WHAT TO DO
Please repeat exactly the lines below from the line with "Twee illustere harmonie orkesten" to the line with "XT-XINTE HDD Storage", including both, and leave out every picture.

DATA TO EXAMINE

.....

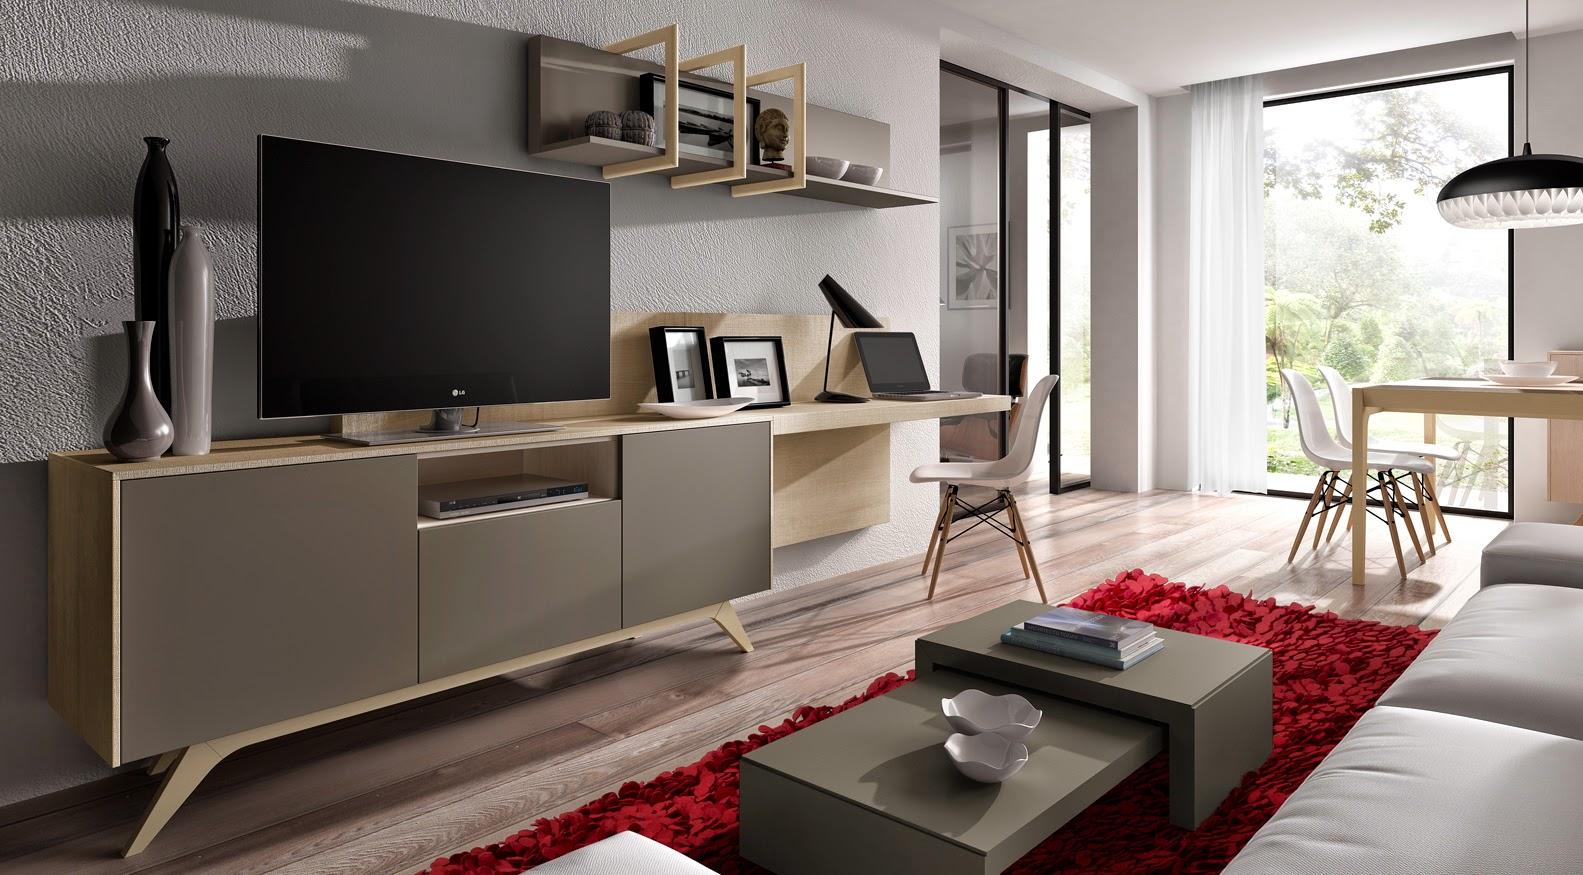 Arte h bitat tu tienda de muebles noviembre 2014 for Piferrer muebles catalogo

.....

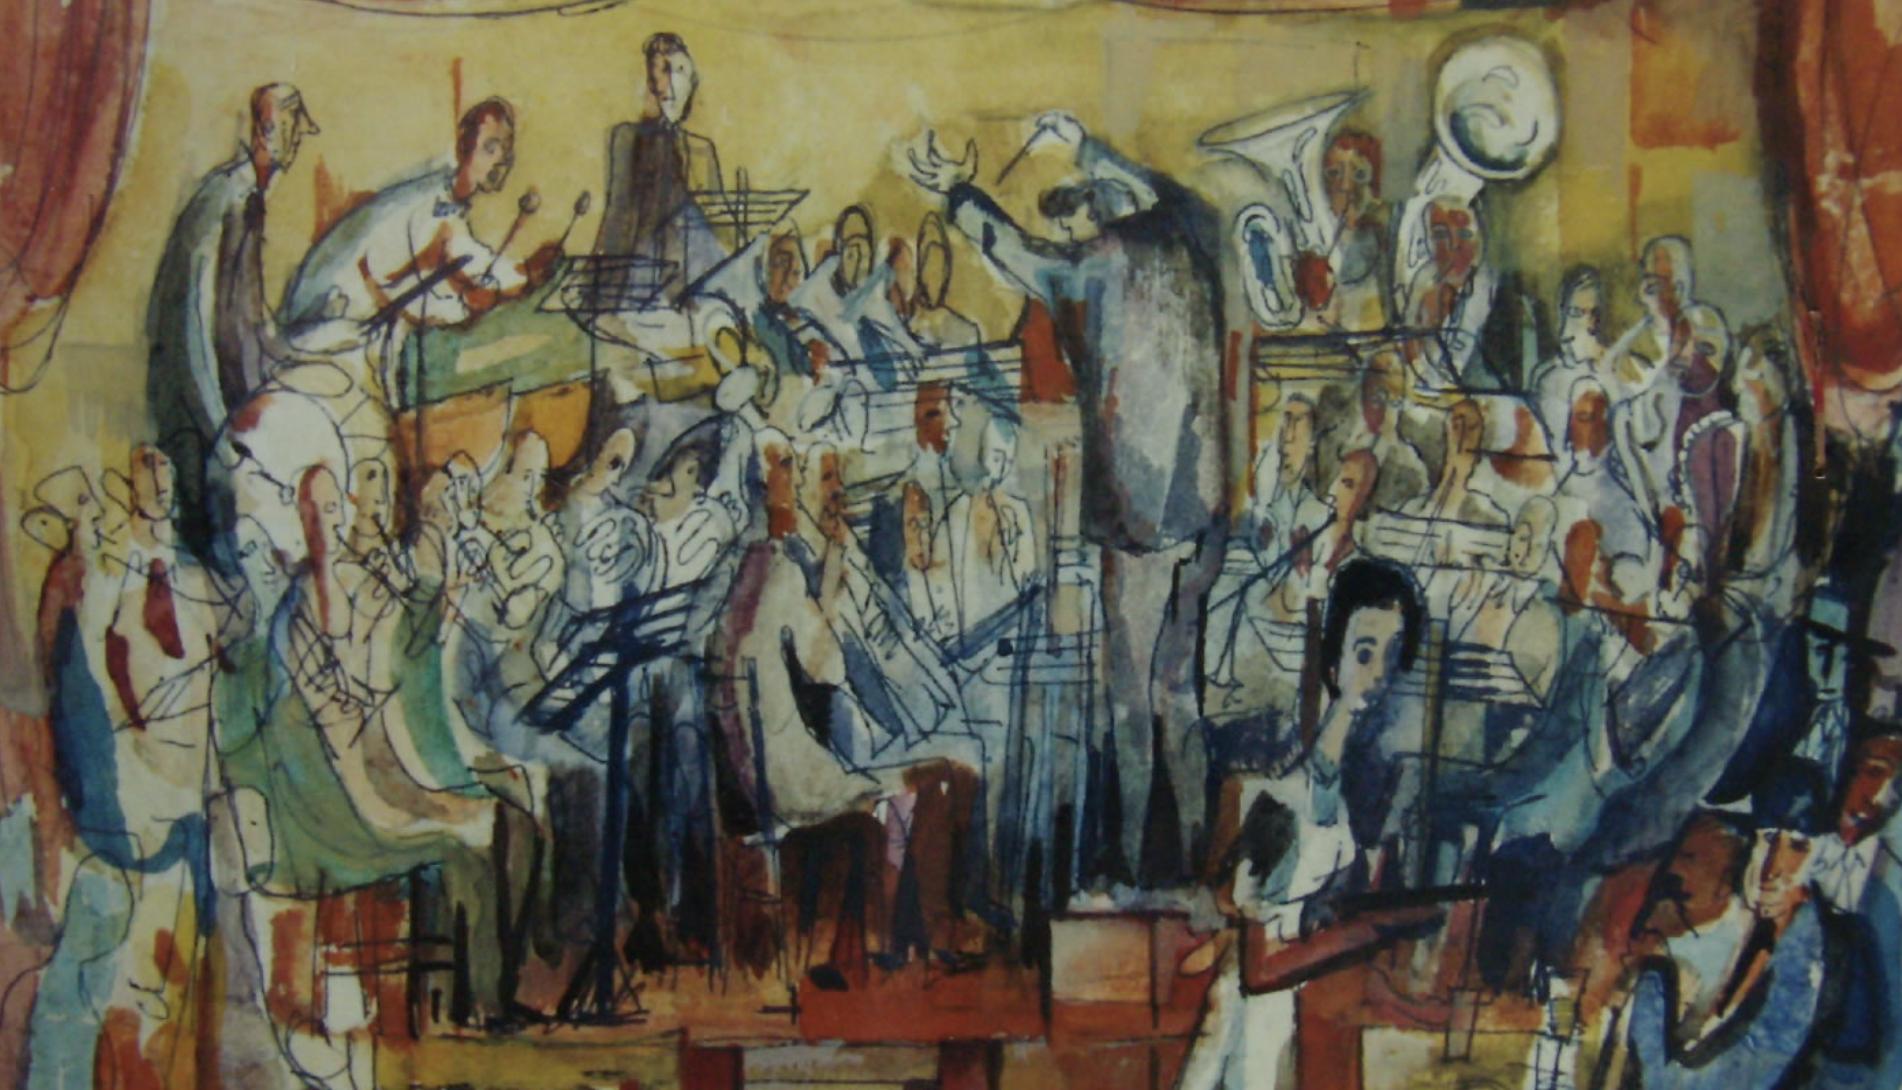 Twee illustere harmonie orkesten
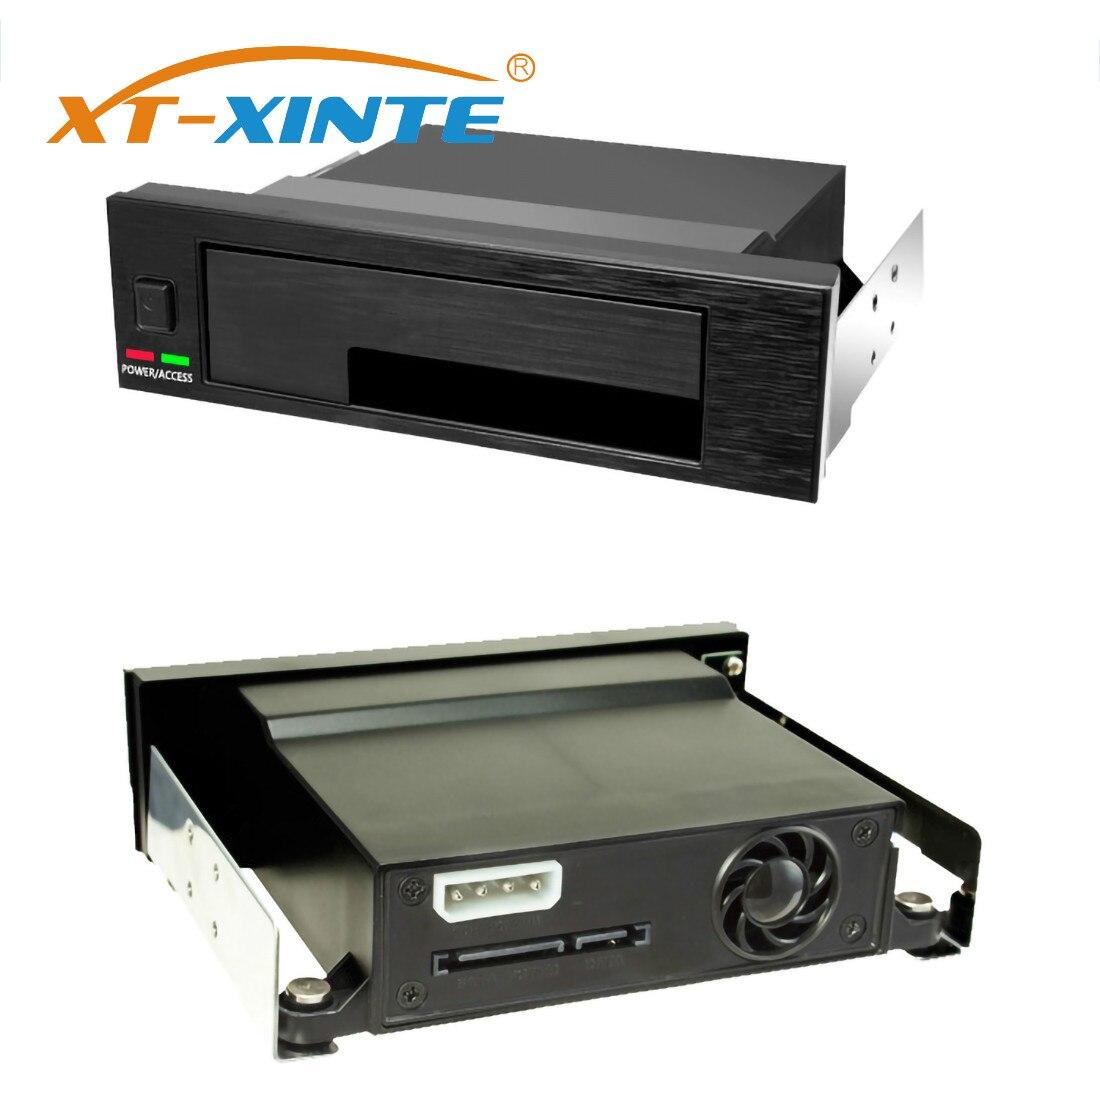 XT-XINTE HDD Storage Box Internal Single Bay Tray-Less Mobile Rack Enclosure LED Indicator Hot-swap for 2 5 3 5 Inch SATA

.....

OUTPUT FOR THIS TASK
 Twee illustere harmonie orkesten
 XT-XINTE HDD Storage Box Internal Single Bay Tray-Less Mobile Rack Enclosure LED Indicator Hot-swap for 2 5 3 5 Inch SATA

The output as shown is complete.